Production software should not break its existing users. In real-life scenarios, it is rarely okay to drop existing functionality because it’s annoying to maintain or to throw away your data because you don’t like your data store. Production software needs to prioritize the functionality it has already released and which its users already depend on. Production software must have thorough testing in place to ensure that regressions get caught before they’re released. Production software must have production health checks and alerts that can quickly detect whether production is unhealthy. When a disruptive change such as a migration is unavoidable, developers spend lots of time thinking about how to make the experience as seamless as possible for existing users. Developers yearn to stop needing to support outdated OS or platform versions, but the desire to deprecate must be balanced against the desire not to break a subset of the user base.

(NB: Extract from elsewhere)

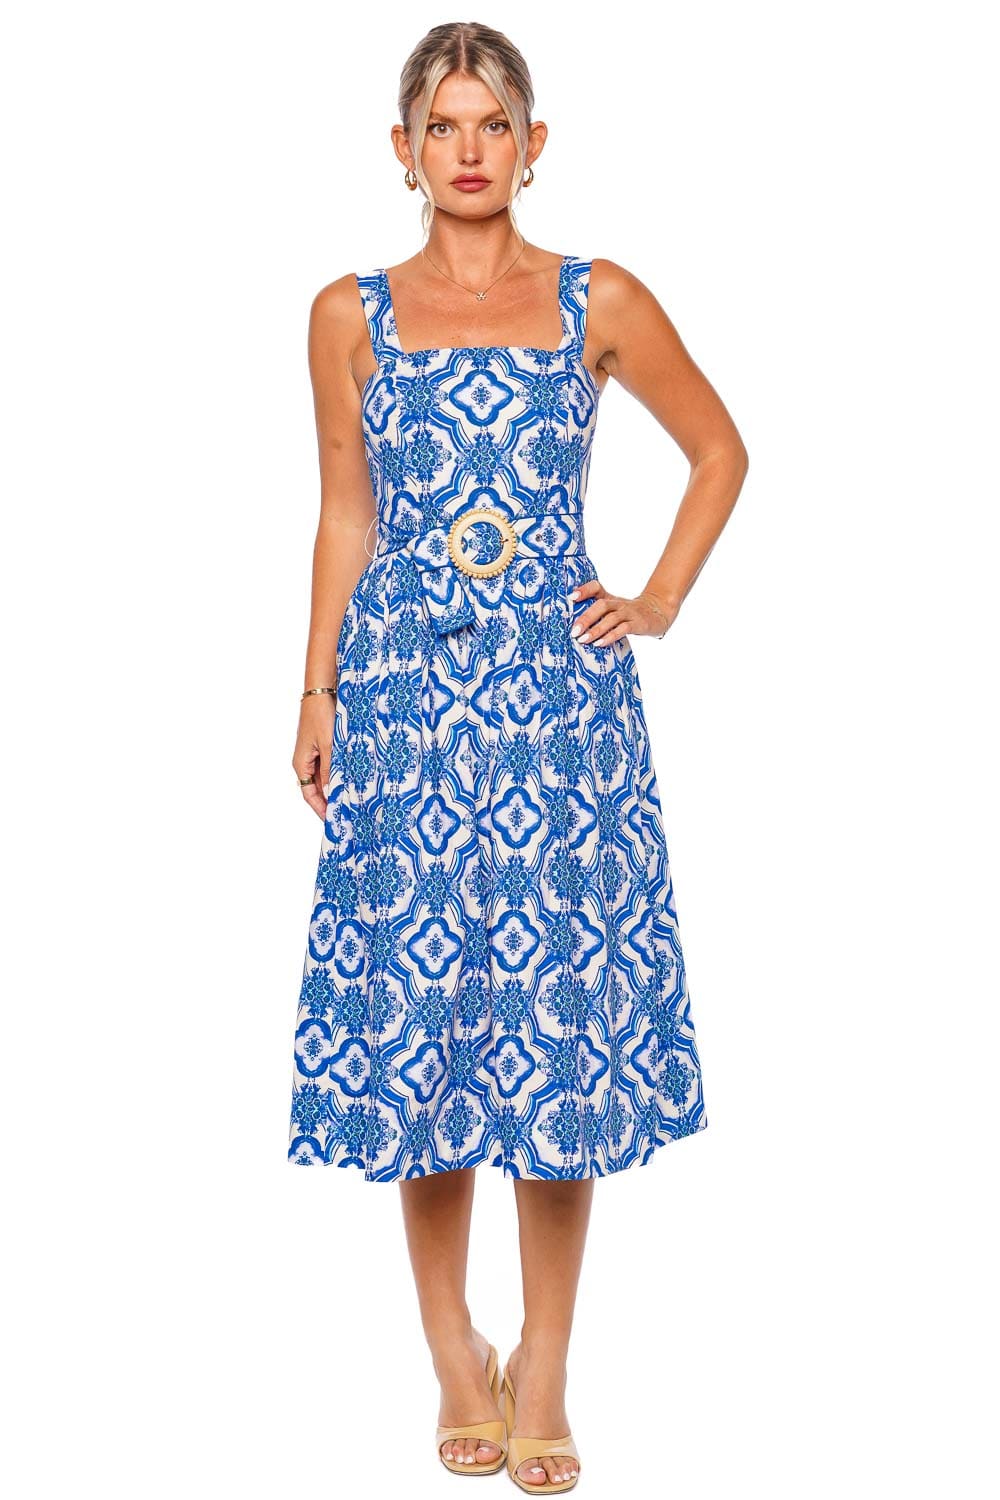 Cara Cara Candace Dress 108 Belle Tile Blue

Production software needs a deployment pipeline. Copy-pasting local build output files quickly becomes an unscalable strategy. The build process needs to be automated and reproducible across various machines. The build system must be able to manage any packages the program depends on as well as any dependencies of those dependencies. Builds must be runnable in various environments (eg development, test, production) and each of these environments requires different config values. Developers need to have tools to push builds to production and these tools must be able to report progress and failures. Developers also need tools for common management tasks such as restarting server instances or adding new server capacity.
Computer science students mainly study foundational concepts like data structures and algorithms. Software engineer interns often implicitly expect real-life programming work to be much of the same, only to realize that most software development happens higher on the stack. Any real-life software solution is going to need many administrative layers above the core layer. The core is usually stable and the outer layers are where the action is.
Any kid can run a lemonade stand business, but only a big team of skilled specialists can build a lemonade supply chain that can operate at a massive scale, handle all the chaos of the real world, and keep chugging along even when the managers are away. Nobody can learn how to run a business entirely from the classroom and that’s why internships are so useful.